Les naturalistes anglais et Scandinaves, qui ont déjà réuni un grand nombre d’observations sur les faunes sous-marines des îles Britanniques et de la Norwége, ont constaté que le développement de la vie organique dans les mers est plus en rapport avec la température qu’avec la profondeur. Les sondages faits dans les mers situées au nord de l’Écosse, par le Lightening, sous la direction de M. Carpenter, accompagné du professeur Thomson, ont ramené d’une profondeur de près de 1 000 mètres, mais dans un fond chaud, une abondance d’espèces animales très-remarquables, quelques-unes inconnues, d’autres fort rares et ayant leurs représentants dans la faune du terrain tertiaire le plus récent du bassin de la Méditerranée. Mais les courants chauds de l’Océan, qui ont leur origine dans les mers équatoriales, sont croisés par des courants froids venus des mers boréales, dans lesquels on ne trouve que des espèces de la zone polaire. Des dépôts très-différents peuvent donc se faire en même à peu de distance l’un de l’autre, et comme il y a eu à toutes les époques une circulation océanique, des courants polaires et équatoriaux, on comprend que l’étude actuelle de ces courants et des climats sous-marins peut donner à la paléontologie géographique les plus précieuses indications.
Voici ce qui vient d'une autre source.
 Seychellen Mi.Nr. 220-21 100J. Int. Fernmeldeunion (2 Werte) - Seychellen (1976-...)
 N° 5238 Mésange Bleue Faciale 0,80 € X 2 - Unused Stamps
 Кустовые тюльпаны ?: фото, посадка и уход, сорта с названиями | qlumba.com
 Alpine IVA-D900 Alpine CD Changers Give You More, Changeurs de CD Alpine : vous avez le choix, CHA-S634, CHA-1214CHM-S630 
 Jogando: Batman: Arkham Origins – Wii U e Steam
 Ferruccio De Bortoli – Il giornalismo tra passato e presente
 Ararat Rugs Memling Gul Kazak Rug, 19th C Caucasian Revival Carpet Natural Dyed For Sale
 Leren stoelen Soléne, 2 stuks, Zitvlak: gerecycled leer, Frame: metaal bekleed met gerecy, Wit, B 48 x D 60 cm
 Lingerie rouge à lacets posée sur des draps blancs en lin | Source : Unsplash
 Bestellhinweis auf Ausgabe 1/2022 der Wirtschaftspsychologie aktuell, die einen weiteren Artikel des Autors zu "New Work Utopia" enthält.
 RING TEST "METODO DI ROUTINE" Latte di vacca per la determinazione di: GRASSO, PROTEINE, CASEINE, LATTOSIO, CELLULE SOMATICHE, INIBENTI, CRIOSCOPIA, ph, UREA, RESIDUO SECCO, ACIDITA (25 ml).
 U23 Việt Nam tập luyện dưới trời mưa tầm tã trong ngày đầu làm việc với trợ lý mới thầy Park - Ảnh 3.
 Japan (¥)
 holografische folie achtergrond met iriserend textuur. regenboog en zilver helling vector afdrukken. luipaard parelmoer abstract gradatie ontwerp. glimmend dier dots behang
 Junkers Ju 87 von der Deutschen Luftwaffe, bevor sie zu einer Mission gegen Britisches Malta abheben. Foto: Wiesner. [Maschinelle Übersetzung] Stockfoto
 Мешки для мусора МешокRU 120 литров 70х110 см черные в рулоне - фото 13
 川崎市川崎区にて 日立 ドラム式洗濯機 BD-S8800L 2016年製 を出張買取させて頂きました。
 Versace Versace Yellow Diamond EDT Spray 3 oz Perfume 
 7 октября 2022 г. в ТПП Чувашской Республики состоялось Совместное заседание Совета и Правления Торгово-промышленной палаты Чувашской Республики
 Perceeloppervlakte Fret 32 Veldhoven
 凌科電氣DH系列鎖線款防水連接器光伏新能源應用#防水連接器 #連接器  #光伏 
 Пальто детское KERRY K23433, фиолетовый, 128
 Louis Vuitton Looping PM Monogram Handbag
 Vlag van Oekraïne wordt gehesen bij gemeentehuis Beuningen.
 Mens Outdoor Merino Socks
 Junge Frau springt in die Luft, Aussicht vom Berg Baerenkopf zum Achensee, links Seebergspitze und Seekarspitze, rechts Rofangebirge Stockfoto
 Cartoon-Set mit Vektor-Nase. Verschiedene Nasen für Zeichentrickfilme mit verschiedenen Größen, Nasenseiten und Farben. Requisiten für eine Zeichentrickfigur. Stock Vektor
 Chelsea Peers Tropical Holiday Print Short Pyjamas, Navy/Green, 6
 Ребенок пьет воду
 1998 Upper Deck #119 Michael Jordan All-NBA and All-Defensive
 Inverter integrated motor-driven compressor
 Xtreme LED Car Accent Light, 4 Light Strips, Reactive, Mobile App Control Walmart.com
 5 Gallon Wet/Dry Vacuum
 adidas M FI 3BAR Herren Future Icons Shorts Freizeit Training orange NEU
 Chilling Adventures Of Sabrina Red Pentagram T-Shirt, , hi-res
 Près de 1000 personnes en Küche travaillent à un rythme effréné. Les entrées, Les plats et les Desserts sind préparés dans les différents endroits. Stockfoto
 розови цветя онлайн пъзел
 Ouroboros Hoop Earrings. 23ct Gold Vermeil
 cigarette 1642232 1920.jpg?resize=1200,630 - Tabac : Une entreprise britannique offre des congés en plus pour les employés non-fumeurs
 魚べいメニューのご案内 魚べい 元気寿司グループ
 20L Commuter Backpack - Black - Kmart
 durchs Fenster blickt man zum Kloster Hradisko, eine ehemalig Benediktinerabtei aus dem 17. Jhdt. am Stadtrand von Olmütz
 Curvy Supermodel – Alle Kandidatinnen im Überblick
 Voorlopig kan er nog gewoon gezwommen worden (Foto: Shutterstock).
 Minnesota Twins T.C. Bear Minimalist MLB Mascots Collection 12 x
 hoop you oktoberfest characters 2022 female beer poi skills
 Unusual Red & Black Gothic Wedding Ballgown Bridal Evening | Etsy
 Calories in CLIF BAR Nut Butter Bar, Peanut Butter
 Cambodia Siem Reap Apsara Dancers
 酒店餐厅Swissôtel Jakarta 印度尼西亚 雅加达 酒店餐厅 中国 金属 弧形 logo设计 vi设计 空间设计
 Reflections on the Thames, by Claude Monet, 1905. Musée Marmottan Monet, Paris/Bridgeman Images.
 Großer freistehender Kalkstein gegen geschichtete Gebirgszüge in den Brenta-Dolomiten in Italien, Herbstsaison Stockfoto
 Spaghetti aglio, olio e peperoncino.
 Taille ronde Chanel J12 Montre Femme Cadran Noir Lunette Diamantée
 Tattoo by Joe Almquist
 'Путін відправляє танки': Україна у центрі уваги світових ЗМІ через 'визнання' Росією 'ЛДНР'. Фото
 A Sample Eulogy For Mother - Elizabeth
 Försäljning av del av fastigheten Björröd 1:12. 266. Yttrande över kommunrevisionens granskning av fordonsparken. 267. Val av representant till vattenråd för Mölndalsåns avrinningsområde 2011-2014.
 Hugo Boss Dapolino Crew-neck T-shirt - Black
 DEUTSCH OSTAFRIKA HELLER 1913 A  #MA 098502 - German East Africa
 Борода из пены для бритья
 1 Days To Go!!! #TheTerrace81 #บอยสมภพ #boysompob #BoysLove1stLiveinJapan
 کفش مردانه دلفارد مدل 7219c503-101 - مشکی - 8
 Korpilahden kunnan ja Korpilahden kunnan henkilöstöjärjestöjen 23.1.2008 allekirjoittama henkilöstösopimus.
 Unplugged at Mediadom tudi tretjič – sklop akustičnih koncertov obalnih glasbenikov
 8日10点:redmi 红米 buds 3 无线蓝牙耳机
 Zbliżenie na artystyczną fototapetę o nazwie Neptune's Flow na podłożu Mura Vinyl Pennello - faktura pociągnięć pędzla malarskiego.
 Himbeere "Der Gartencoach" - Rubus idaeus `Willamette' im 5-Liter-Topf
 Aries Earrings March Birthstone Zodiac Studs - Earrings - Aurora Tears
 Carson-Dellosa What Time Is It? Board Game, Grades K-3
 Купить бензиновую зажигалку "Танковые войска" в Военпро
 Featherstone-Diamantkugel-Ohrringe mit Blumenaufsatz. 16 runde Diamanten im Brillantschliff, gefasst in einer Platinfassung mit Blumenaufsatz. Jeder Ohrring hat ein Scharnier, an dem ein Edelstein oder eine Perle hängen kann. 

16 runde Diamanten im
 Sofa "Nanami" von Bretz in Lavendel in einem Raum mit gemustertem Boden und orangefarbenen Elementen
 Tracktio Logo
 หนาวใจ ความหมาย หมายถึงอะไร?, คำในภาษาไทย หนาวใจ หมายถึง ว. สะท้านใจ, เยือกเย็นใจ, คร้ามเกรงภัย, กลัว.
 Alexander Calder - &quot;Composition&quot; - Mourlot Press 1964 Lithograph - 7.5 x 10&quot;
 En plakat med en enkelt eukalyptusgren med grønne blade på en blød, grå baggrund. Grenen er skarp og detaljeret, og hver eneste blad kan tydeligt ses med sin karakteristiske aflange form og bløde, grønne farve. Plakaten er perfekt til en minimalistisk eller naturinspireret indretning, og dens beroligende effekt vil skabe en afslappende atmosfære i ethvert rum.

Ajoutons que des débris volcaniques, des scories, des cendres, des fragments de pierre ponce et d’obsidienne ont été recueillis dans la série des spécimens obtenus par les sondages faits dans la partie du Gulf-Stream qui traverse l’Atlantique, de l’Islande à Terre-Neuve. Le professeur Bailey, après avoir examiné ces marques plutoniques, a fait observer qu’elles ne proviennent pas nécessairement de volcans en activité. Si elles ont été déposées par des volcans éteints, la recherche de leur point d’origine peut conduire les géologues à d’intéressantes découvertes.

Élie Margollé.

La suite prochainement. —


  1. Voy. les Fonds de la mer, étude internationale sur les particularités nouvelles des régions sous-marines, dirigée par MM. Fischer, de Folin, Périer, — Tome I, 1867-1871 ; Savy, éditeur.
  2. La brasse anglaise vaut 1m66.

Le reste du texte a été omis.